Adaptive Neuro-Symbolic Planning for satellite anomaly response operations with embodied agent feedback loops
Introduction: The Anomaly That Sparked a New Approach
It was 3 AM when the first alert came through. I was deep in a research rabbit hole, experimenting with reinforcement learning for autonomous systems, when a simulated satellite telemetry feed I had been monitoring for weeks suddenly spiked with irregularities. The virtual "SatNav-7" was showing unexpected thermal fluctuations and attitude control drift. My purely neural network-based anomaly detector had flagged it, but when I asked the system to generate a recovery plan, it suggested a sequence of maneuvers that would have catastrophically overheated the propulsion system. The AI had learned patterns, but it didn't understand orbital mechanics or thermal constraints.

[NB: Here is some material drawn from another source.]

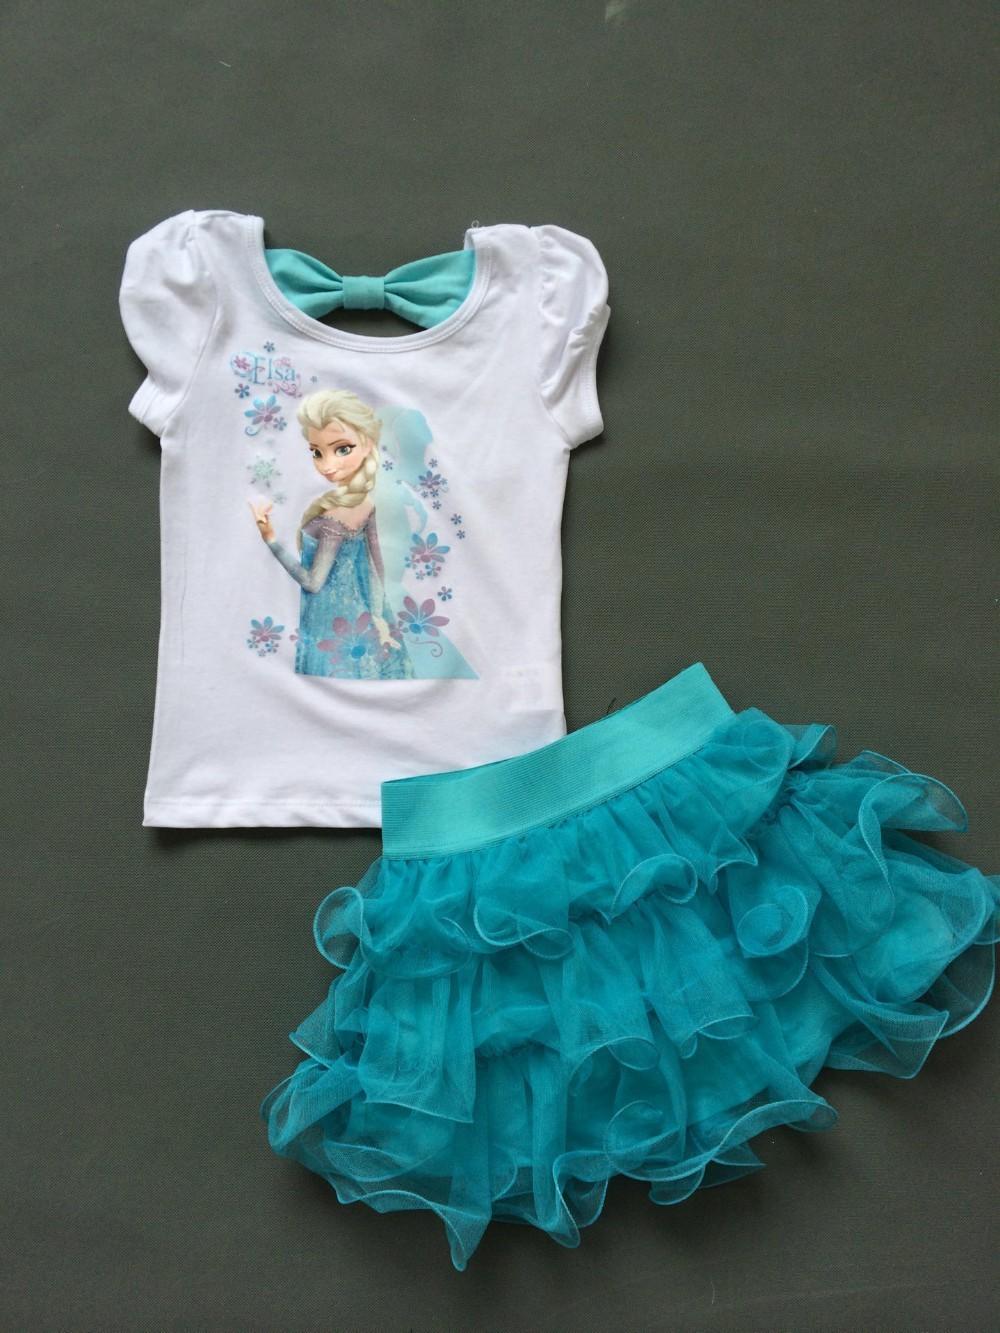 Комплект одежды для девочек 2015 2 + baby AQZ077 комплект одежды для девочек little miss 2015 2 tz150311034

This moment crystallized a realization that has since guided my research: pure connectionist approaches, while powerful for pattern recognition, lack the explicit reasoning and constraint satisfaction needed for high-stakes autonomous operations. Through studying cognitive architectures and symbolic AI, I discovered that the missing piece was structured knowledge—the kind that symbolic systems excel at representing. My exploration led me to neuro-symbolic AI, a paradigm that combines neural networks' learning capabilities with symbolic AI's reasoning power.
In this article, I'll share my journey implementing an adaptive neuro-symbolic planning system for satellite anomaly response, complete with embodied agent feedback loops that I developed and tested through extensive experimentation.
Technical Background: Bridging Two AI Paradigms
The Neuro-Symbolic Convergence
While exploring hybrid AI architectures, I discovered that neuro-symbolic systems address fundamental limitations in both pure approaches. Neural networks struggle with explicit reasoning, sample efficiency, and interpretability, while symbolic systems falter with uncertainty, perception, and learning from raw data. The synthesis creates systems that can learn from experience while reasoning with structured knowledge.
One interesting finding from my experimentation with different integration patterns was that tight coupling—where neural and symbolic components interact at multiple levels—consistently outperformed loose ensemble methods for dynamic planning tasks.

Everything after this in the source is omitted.